One device used to deliver the sumatriptan, frovatriptan, or naratriptan containing aerosol is described in reference to
Devices, if desired, contain a variety of components to facilitate the delivery of sumatriptan, frovatriptan, or naratriptan containing aerosols. For instance, the device may include any component known in the art to control the timing of drug aerosolization relative to inhalation (e.g., breath-actuation), to provide feedback to patients on the rate and/or volume of inhalation, to prevent excessive use (i.e., “lock-out” feature), to prevent use by unauthorized individuals, and/or to record dosing histories.
Dosage of Sumatriptan, Frovatriptan, or Naratriptan Containing Aerosols
Sumatriptan, frovatriptan, and naratriptan are given at strengths of 25 mg, 2.5 mg, and 1 mg respectively for the treatment of migraine headaches. As aerosols, 5 mg to 40 mg of sumatriptan, 0.5 mg to 4 mg of frovatriptan, and 0.2 mg to 2 mg naratriptan are generally provided for the same indication. A typical dosage of a sumatriptan, frovatriptan, or naratriptan aerosol is either administered as a single inhalation or as a series of inhalations taken within an hour or less (dosage equals sum of inhaled amounts). Where the drug is administered as a series of inhalations, a different amount may be delivered in each inhalation. The dosage amount of sumatriptan, frovatriptan, or naratriptan in aerosol form is generally no greater than twice the standard dose of the drug given orally.

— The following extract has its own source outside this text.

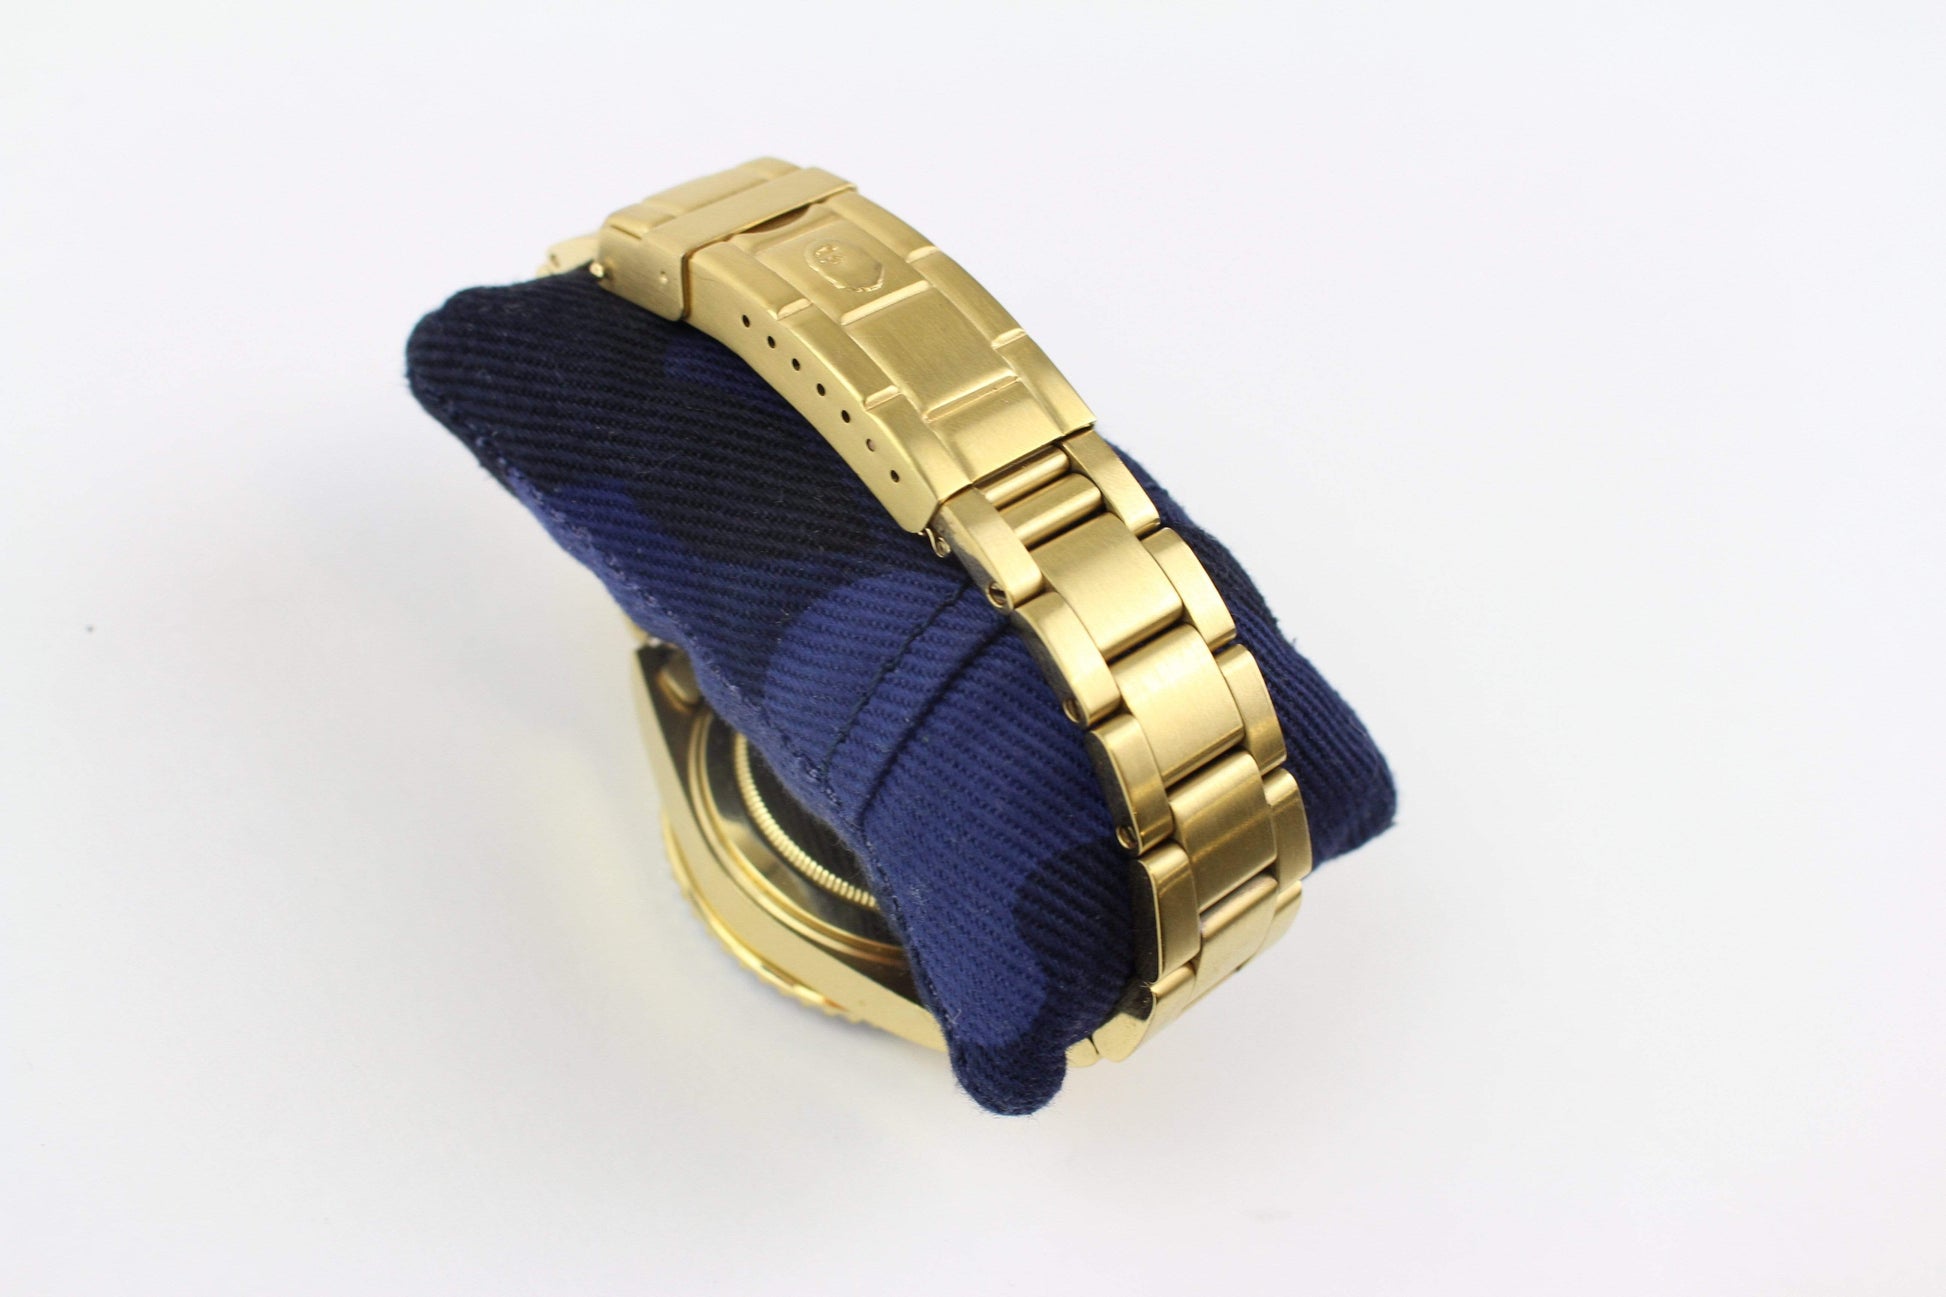 Bapex Gold blue - SaruGeneral

One can determine the appropriate dose of sumatriptan, frovatriptan, or naratriptan containing aerosols to treat a particular condition using methods such as animal experiments and a dose-finding (Phase I/II) clinical trial. One animal experiment involves measuring plasma concentrations of drug in an animal after its exposure to the aerosol. Mammals such as dogs or primates are typically used in such studies, since their respiratory systems are similar to that of a human. Initial dose levels for testing in humans is generally less than or equal to the dose in the mammal model that resulted in plasma drug levels associated with a therapeutic effect in humans. Dose escalation in humans is then performed, until either an optimal therapeutic response is obtained or a dose-limiting toxicity is encountered.
Analysis of Sumatriptan, Frovatriptan, or Naratriptan Containing Aerosols
Purity of a sumatriptan, frovatriptan, or naratriptan containing aerosol is determined using a number of methods, examples of which are described in Sekine et al., Journal of Forensic Science 32:1271–1280 (1987) and Martin et al., Journal of Analytic Toxicology 13:158–162 (1989). One method involves forming the aerosol in a device through which a gas flow (e.g., air flow) is maintained, generally at a rate between 0.4 and 60 L/min. The gas flow carries the aerosol into one or more traps. After isolation from the trap, the aerosol is subjected to an analytical technique, such as gas or liquid chromatography, that permits a determination of composition purity.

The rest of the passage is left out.